## Raw data

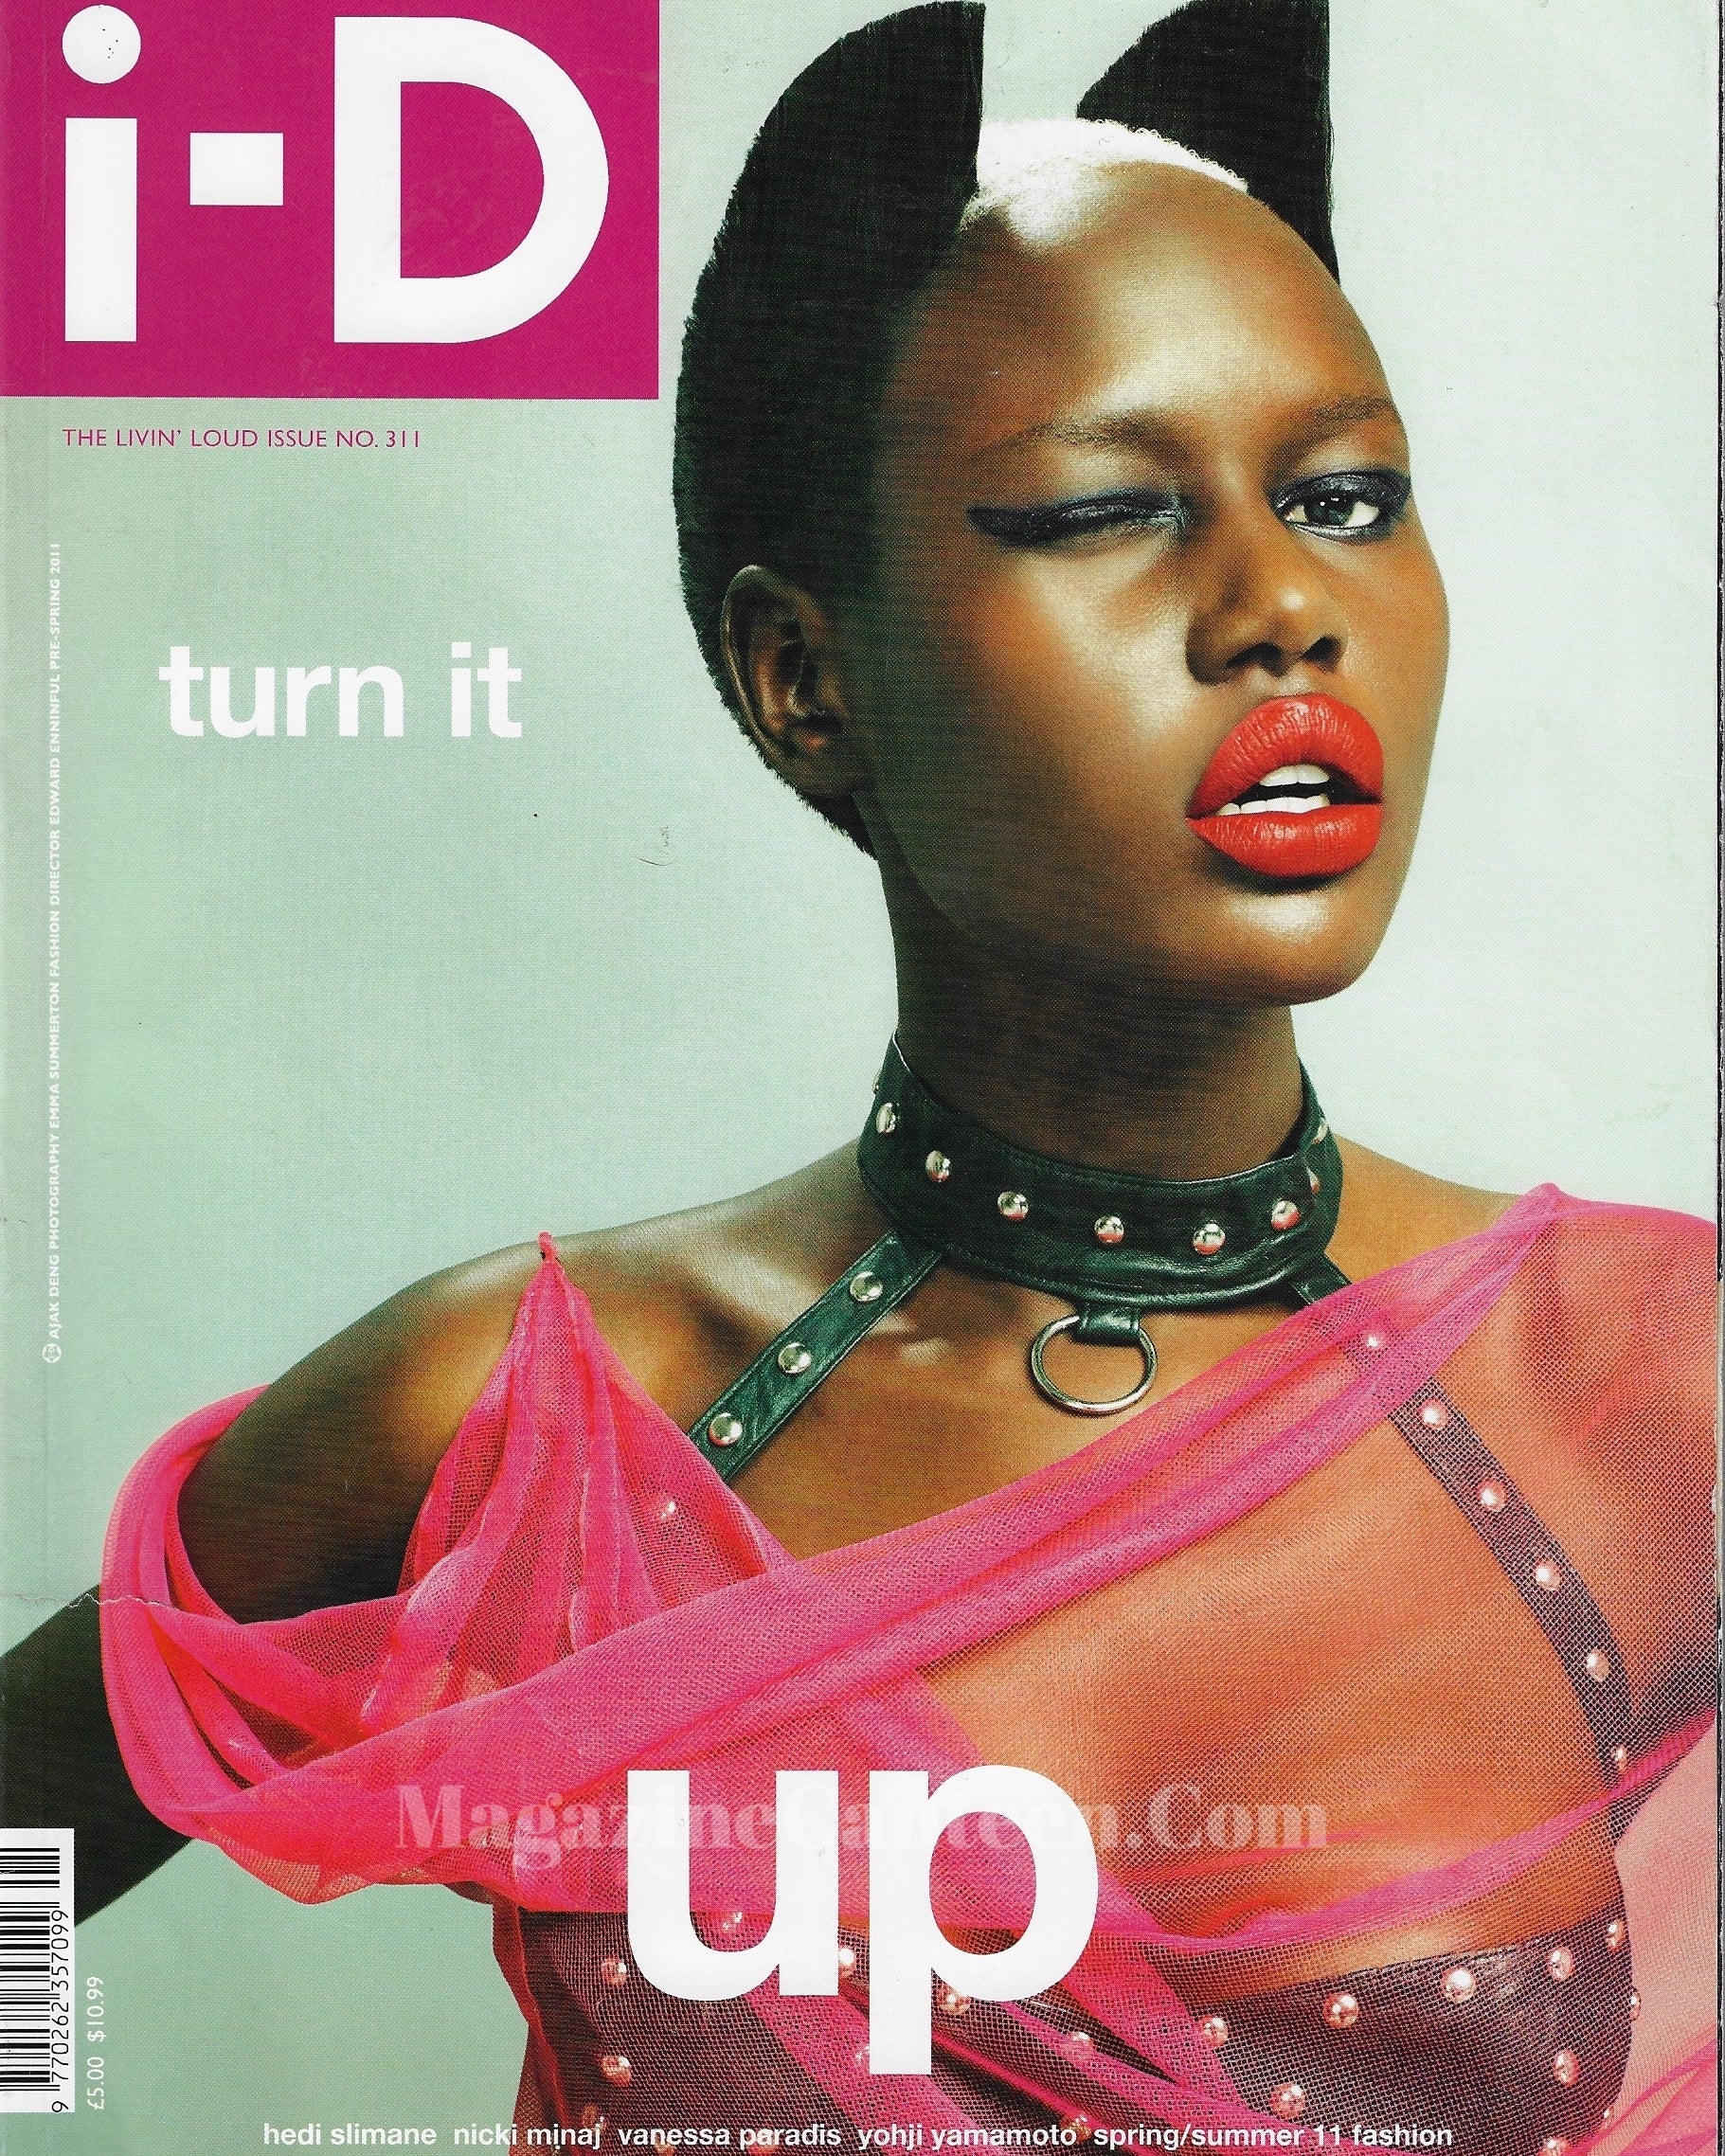 I-D Magazine 311 - Ajak Deng 2011
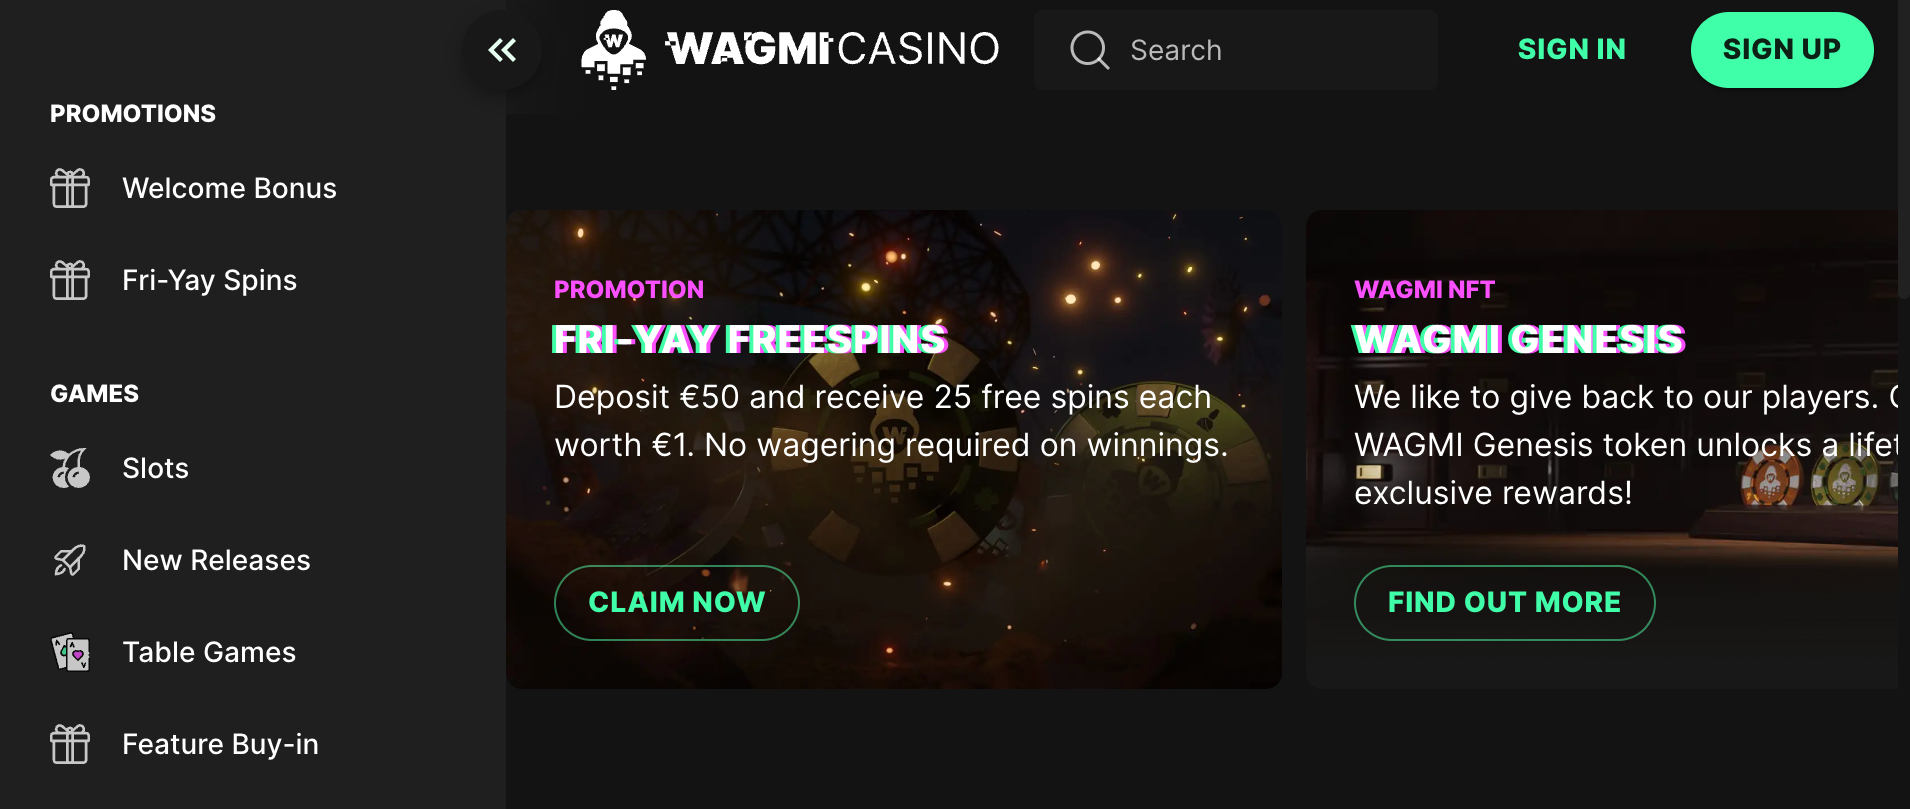 Wagmi Fri-Yay Freespins Promotion
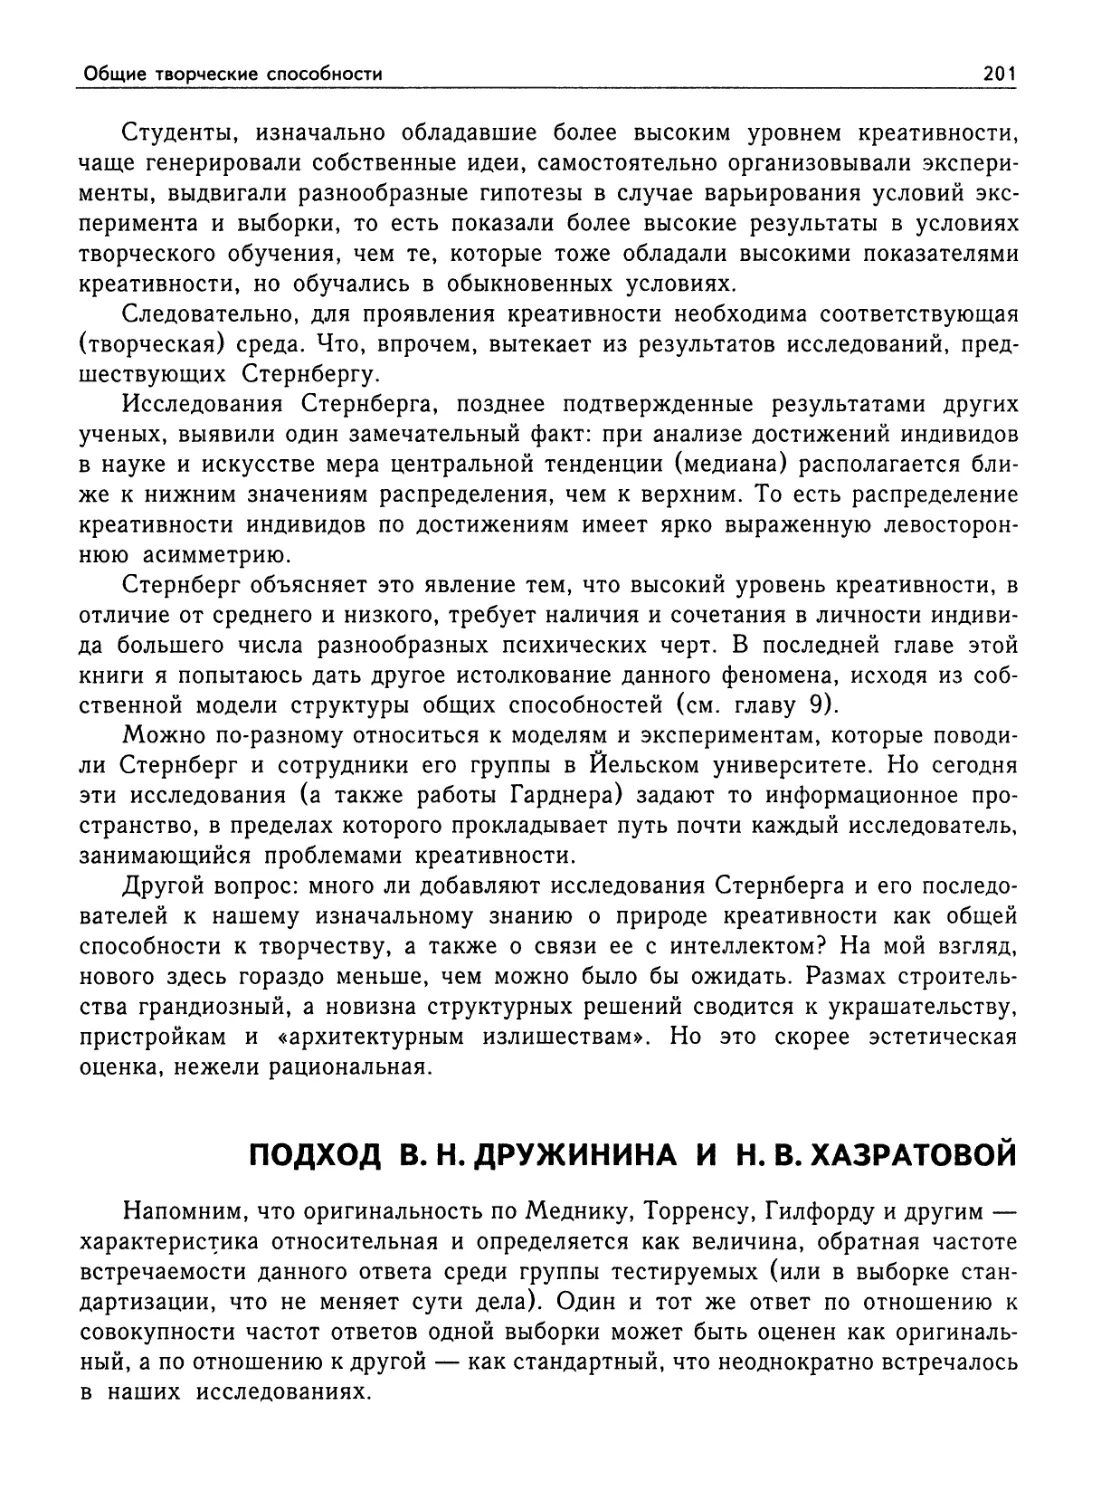 Подход В. Н. Дружинина и Н. В. Хазратовой

## Your goal
Copy the material exactly. Do not include the pictures.

## Response
 I-D Magazine 311 - Ajak Deng 2011
 Wagmi Fri-Yay Freespins Promotion
 Подход В. Н. Дружинина и Н. В. Хазратовой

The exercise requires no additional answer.